§ **WHAT THE EXERCISE ASKS**
An exact transcription of every entry is required. Images are not part of it.
*** RECORDS FOR THE EXERCISE
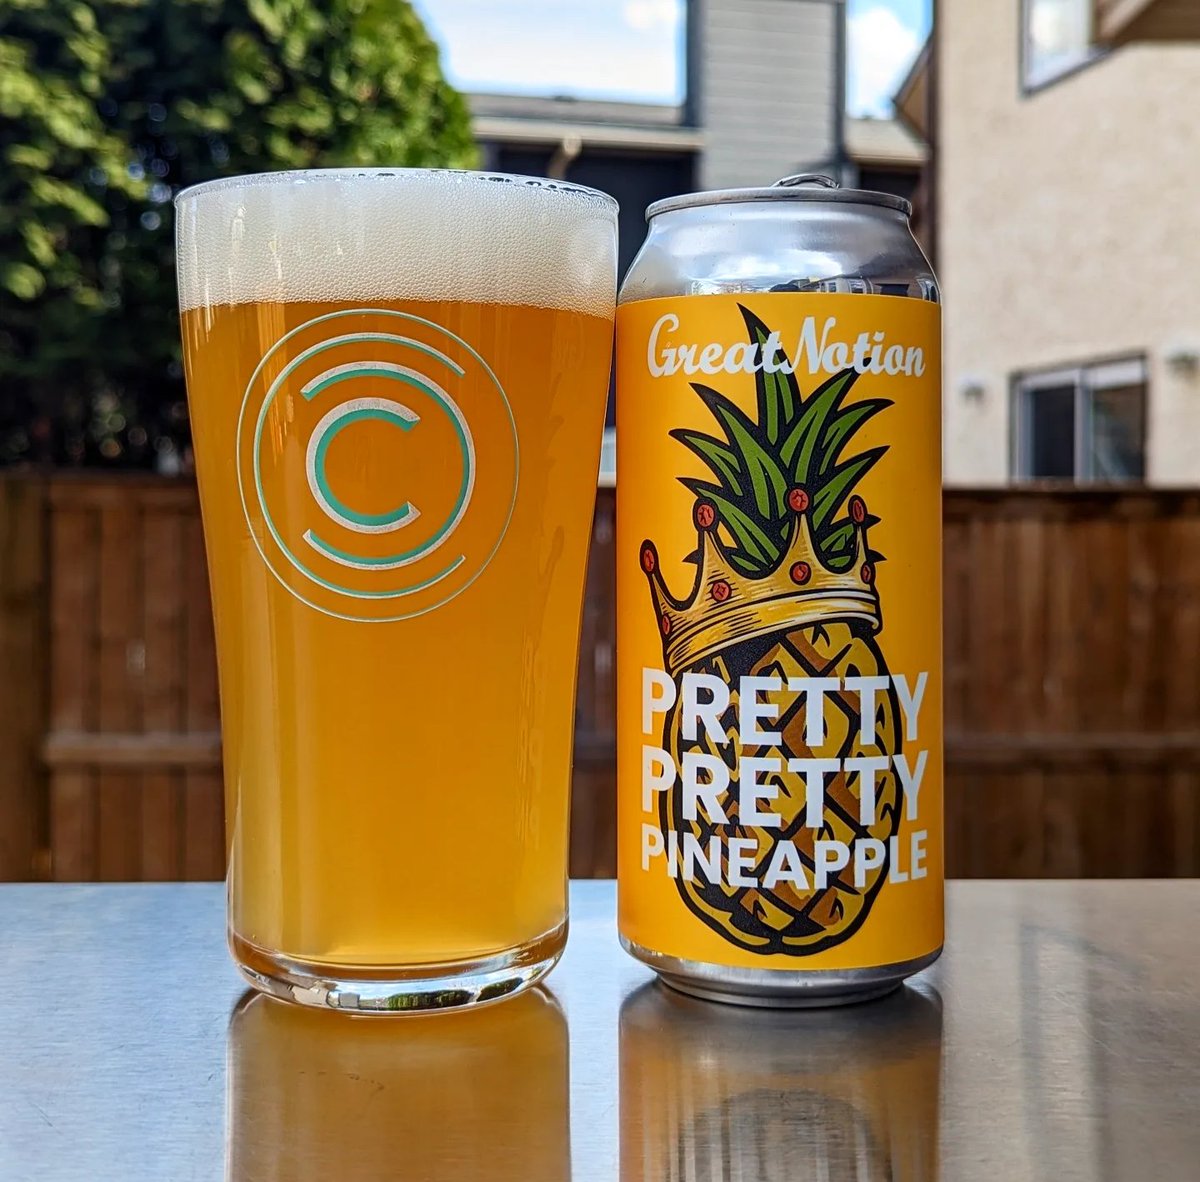 It's a gorgeous Friday night. The perfect night for this amazingly delicious Tart Ale from @GreatNotionPDX. Pretty Pretty Pineapple is pretty damn good! The pineapple aromas and sweet tartness are perfect. 🍺🍍🤤
.
.
#beer #beerporn
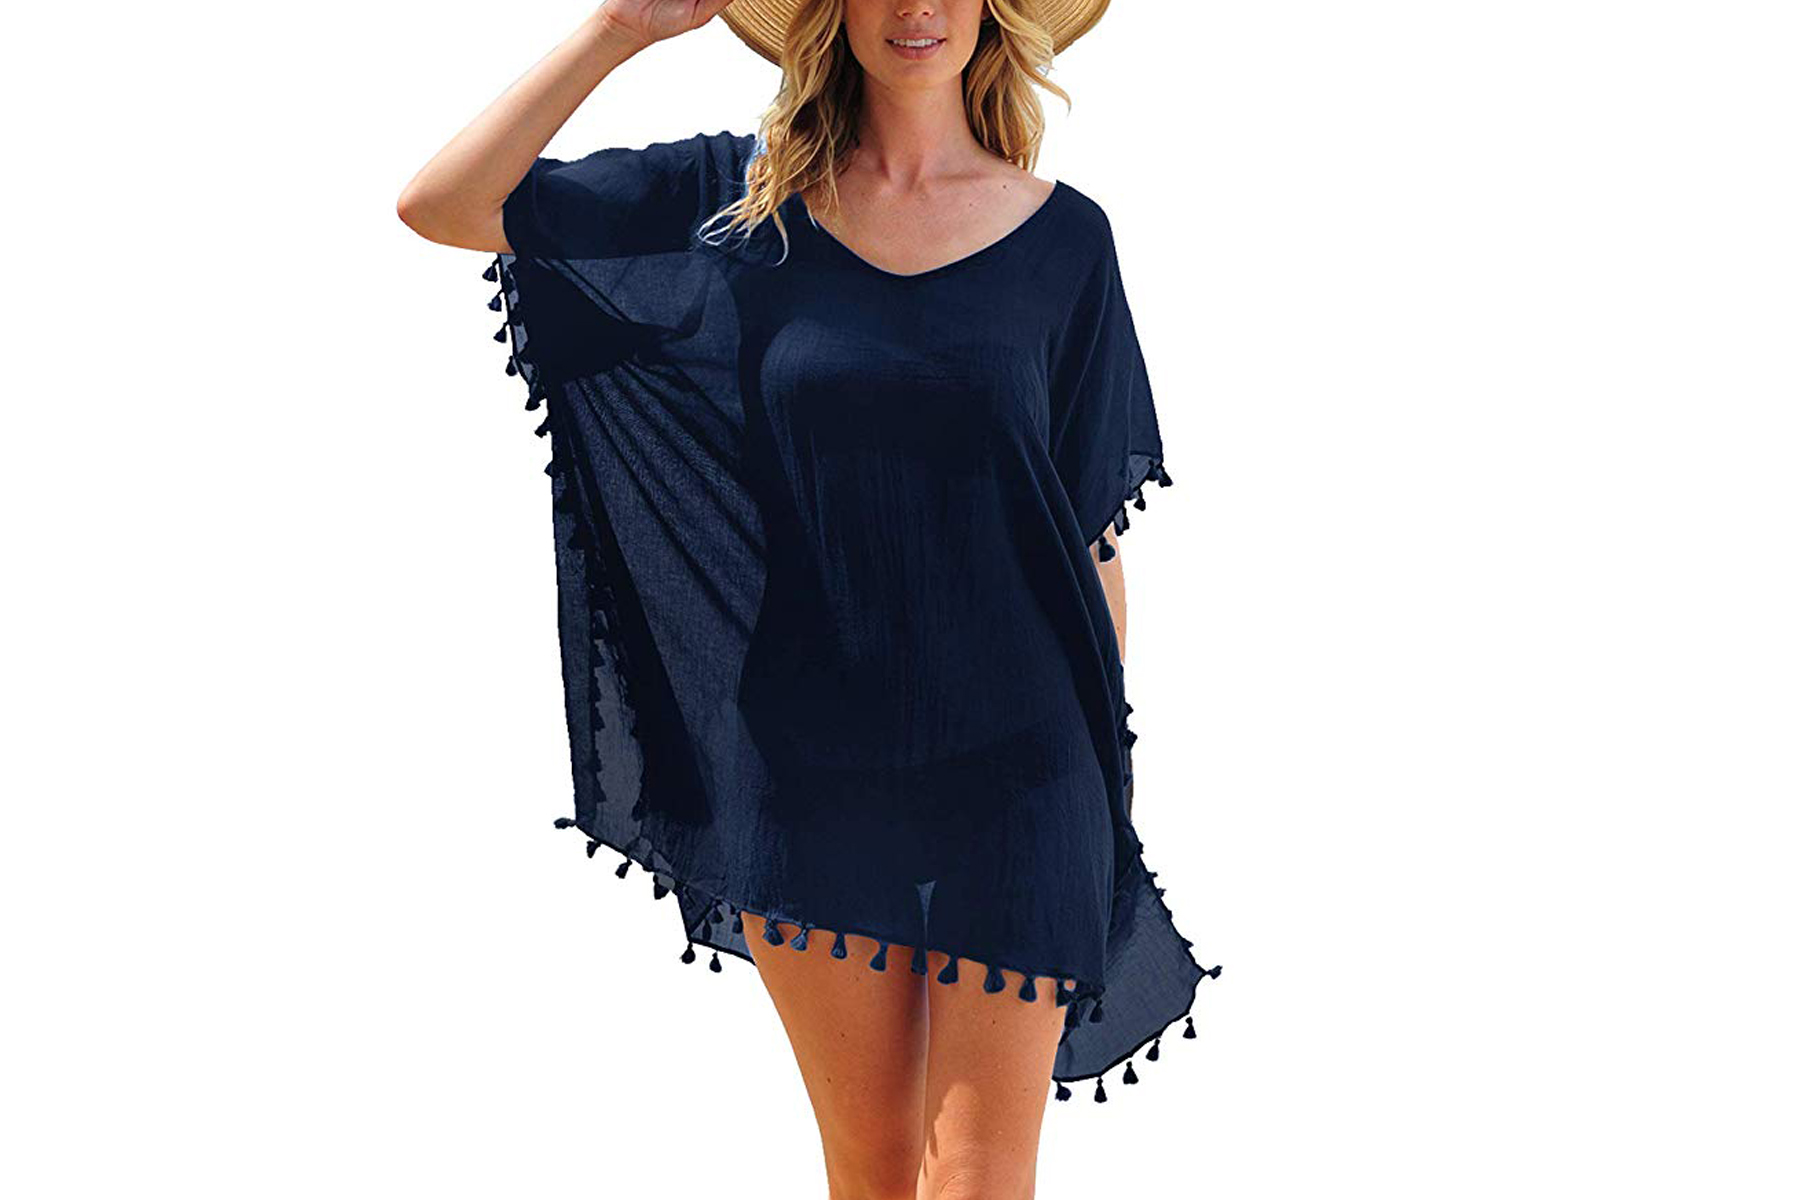 13 Best Beach Cover Ups For Women Over 50
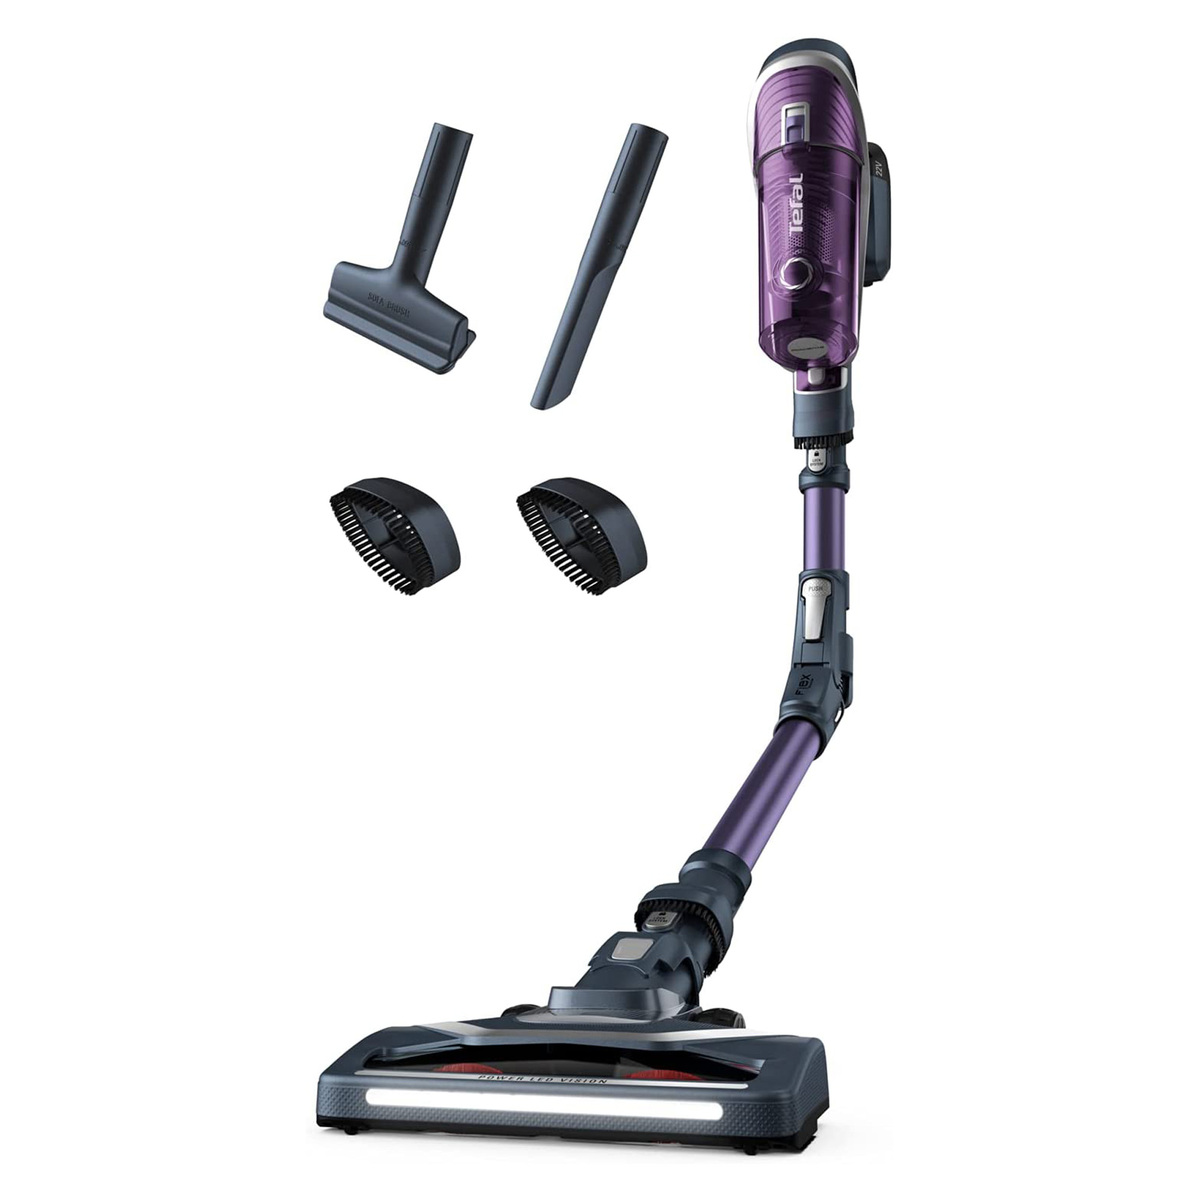 Tefal X-Force 8.60 Cordless Vacuum Cleaner TY9639HO
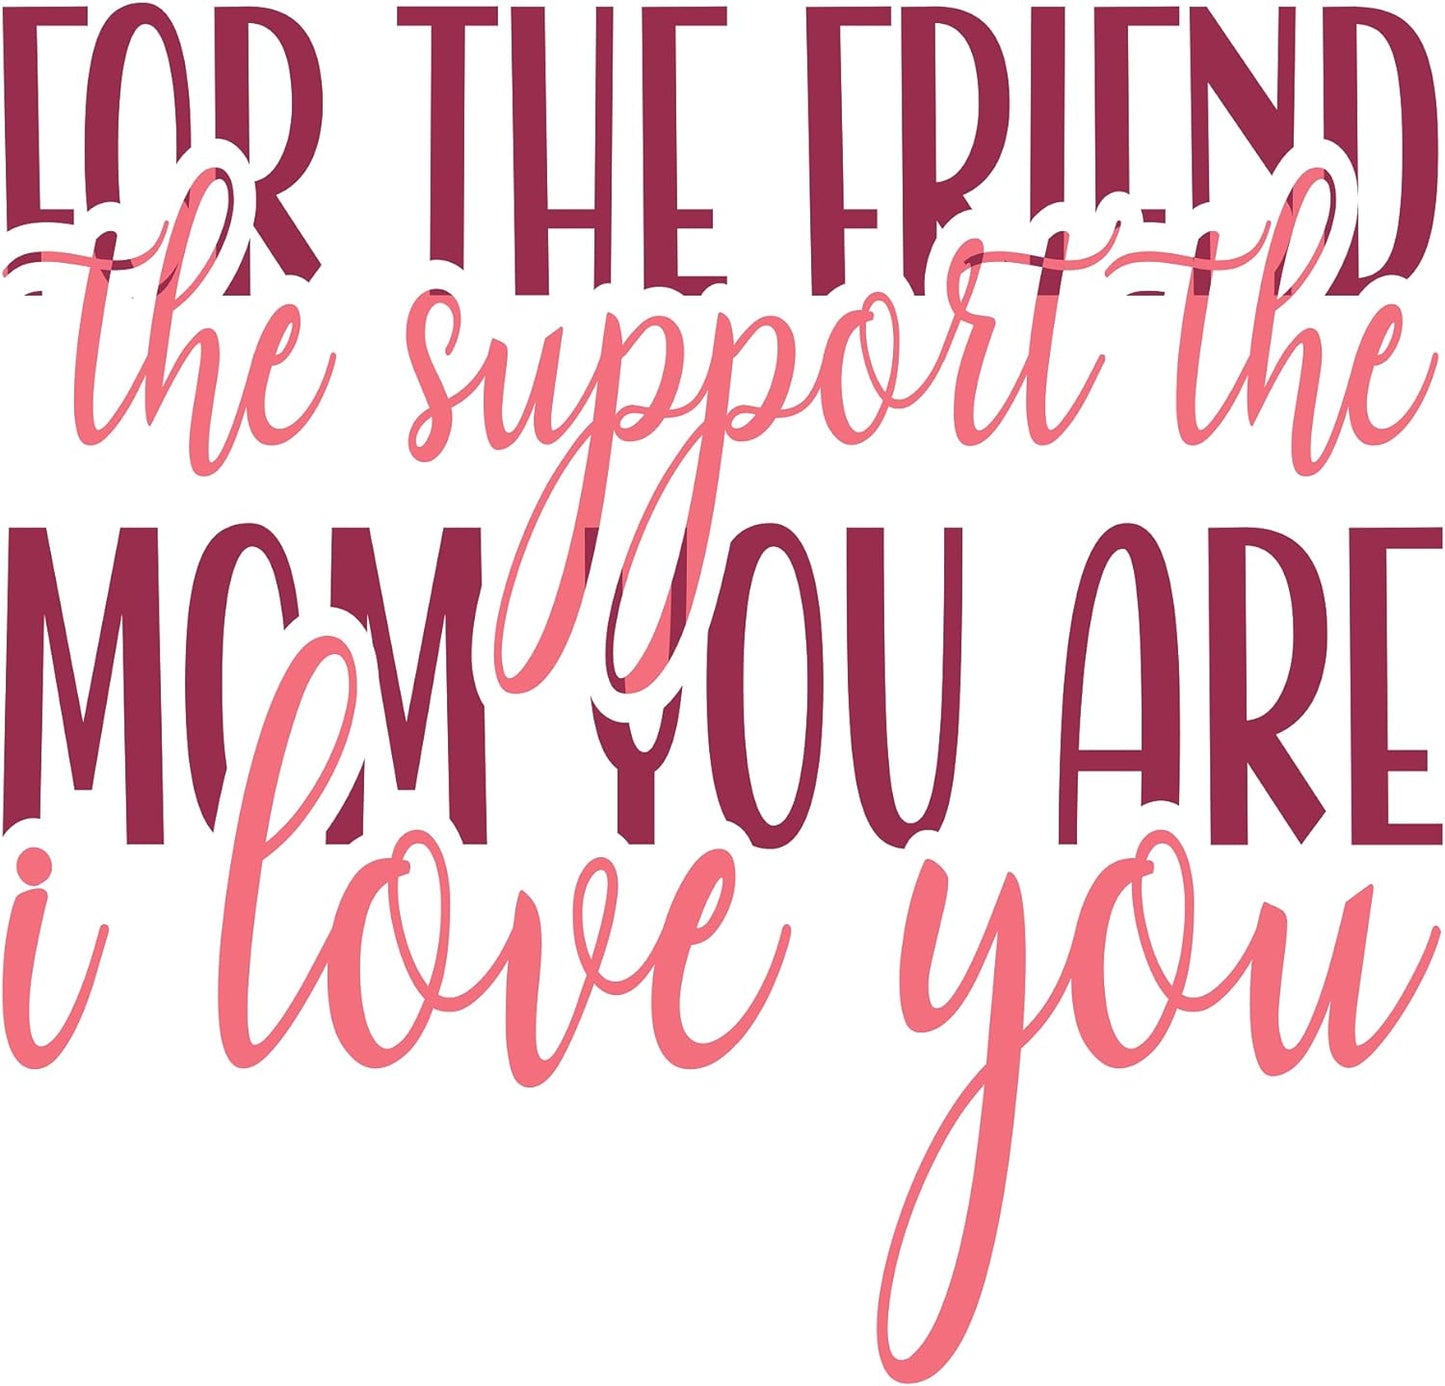 Inspirational Quote "for The Friend The Support The Mom You are I Love You" Motivational Sticker Vinyl Decal Motivation Stickers- 5" Vinyl Sticker Waterproof
******
§ **RESPONSE TO THIS TASK**
 It's a gorgeous Friday night. The perfect night for this amazingly delicious Tart Ale from @GreatNotionPDX. Pretty Pretty Pineapple is pretty damn good! The pineapple aromas and sweet tartness are perfect. 🍺🍍🤤
.
.
#beer #beerporn
 13 Best Beach Cover Ups For Women Over 50
 Tefal X-Force 8.60 Cordless Vacuum Cleaner TY9639HO
 Inspirational Quote "for The Friend The Support The Mom You are I Love You" Motivational Sticker Vinyl Decal Motivation Stickers- 5" Vinyl Sticker Waterproof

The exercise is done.